In CAS you will learn to understand theatre and its relationship to the cultures that have produced it. Interim trips to study theatre in New York and London allow you to view and discuss some of the best theatre in the world. Our program also provides you a wide range of opportunities to create theatre. Our seasons include at least four productions: two are mainstage productions directed by faculty members. The third is an evening of one-act plays produced and directed by students. The fourth production varies; it might be a musical, a children's theatre piece or a readers theatre production. Each year there are numerous ways for you to be involved in a range of theatre activities. We invite you to use your gifts in our theatre program by acting, making music, building props, writing plays, directing, or designing costumes, lights, or sets. We challenge you to do research, debate issues, think critically, organize effectively, and help build that special sense of community that working in the theatre can produce.

The skills you develop can be further honed through our internship program. Students have recently interned at the Sante Fe Opera, the Kennedy Center, and at Steppenwolf Theatre Company. Ultimately the knowledge and skills you acquire can be used in a wide range of professions including theatre, mass media, education, ministry, politics, social services, and business.

Theatre courses at Calvin examine the history, theory and practice of drama. They will challenge what you know about the human condition, and provide the insight necessary to act in, direct, design, promote, and write theatrical pieces. Besides courses in theatre, departmental faculty advise each student to enroll in courses in oral interpretation, oral communication and rhetoric, art history, philosophy, and English.

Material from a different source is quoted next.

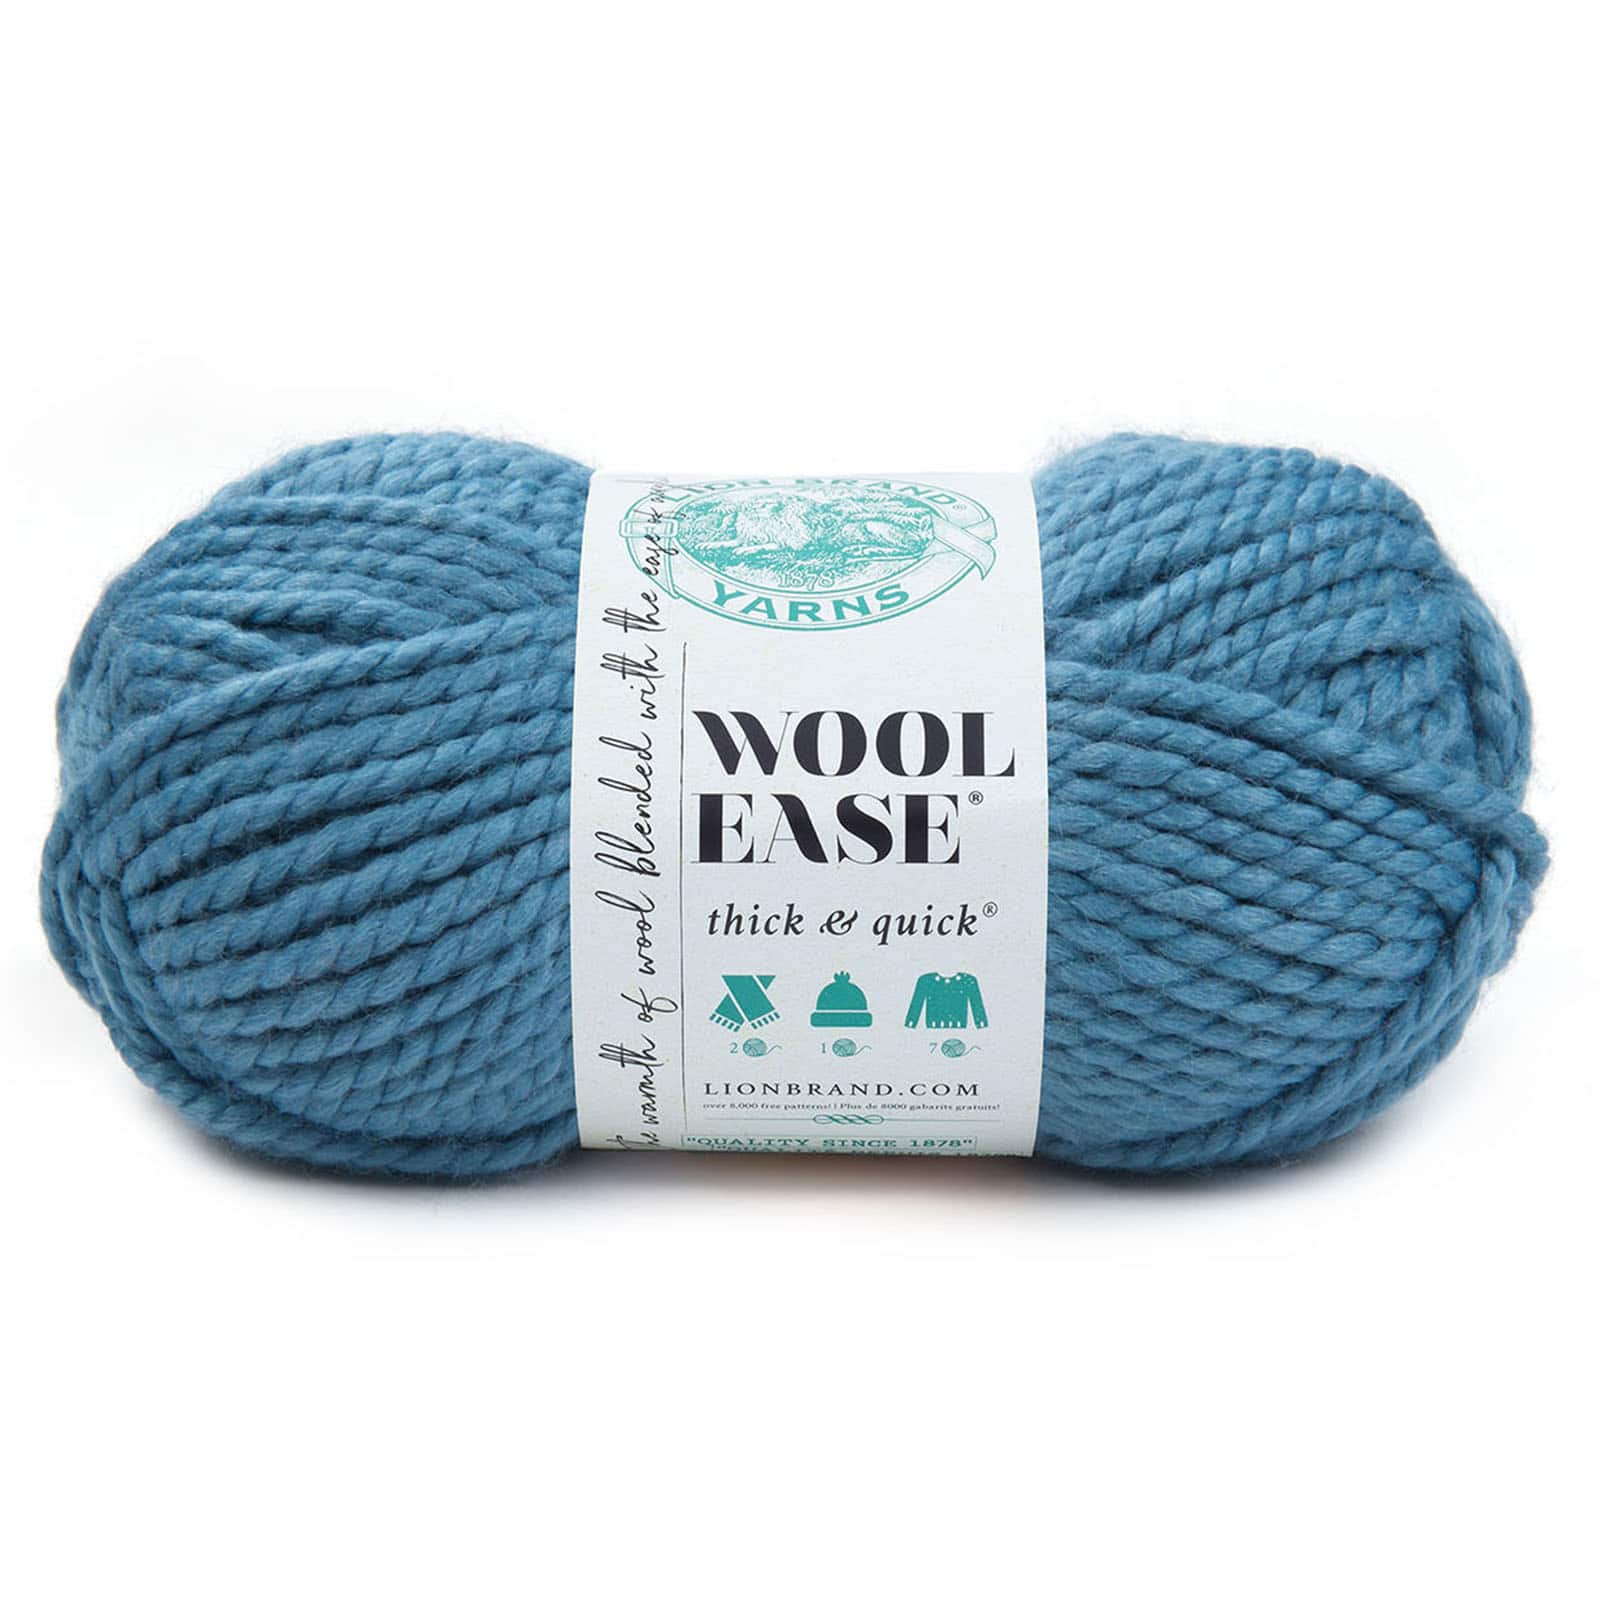 Lion Brand Yarn Wool-Ease Thick & Quick Yarn, Soft and Bulky Yarn for  Knitting, Crocheting, and Crafting, 1 Skein, Blossom

The emphasis in theatre requires students to take at least ten courses in the CAS Department. These include three courses in the CAS core, one course in oral interpretation, and seven additional theatre courses.

THEATRE CURRICULUM

CAS 140
CAS 203
CAS 217
CAS 218
CAS 219
CAS 316
CAS 320
CAS 321
CAS 352
One course selected from CAS 238, 327, or 383
One course selected from CAS 248, 319, or 323
Two CAS electives, one of which may be an interim

140 Communication and Culture (3). This course examines the ways in which communication is used to create, maintain, and change culture. Students have the opportunity to apply a basic understanding of the concepts of communication and culture to a range of contemporary social issues, cultural texts, and communication practices. Emphasis is given to rhetorical and discussion methods to help students learn about analyzing and constructing oral and written arguments and to work cooperatively doing a research project for class presentation.

203 Introduction to Performance Studies (3). An introduction to performance as a means of analyzing, appreciating, and celebrating literature. By providing training in the principles and techniques of performing literature before an audience, this course expands students’ understanding of the relationships between text and performance, literature and human action, and written and oral forms of discourse. Genres of literature examined include poetry, prose, and oral history. This course is designed for students considering careers in theatre, rhetoric, radio, television, or education.

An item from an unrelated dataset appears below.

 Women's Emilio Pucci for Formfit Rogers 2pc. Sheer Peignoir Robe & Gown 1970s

217 Principles of Theatre (3). This course studies the theatre through analysis of its artistic principles, genres, and forms. This foundational course concentrates on script analysis, major classical and modern theory, and critical methodology.

218 Principles of Acting (3). An introduction to the art of acting. Through readings, discussions, and numerous in-class exercises the students will become acquainted with major acting theories. The course is for students interested in theatre-related professions, as well as for students wishing to deepen their understanding of theatre and dramatic literature. Prerequisite: CAS 217 or permission of the instructor.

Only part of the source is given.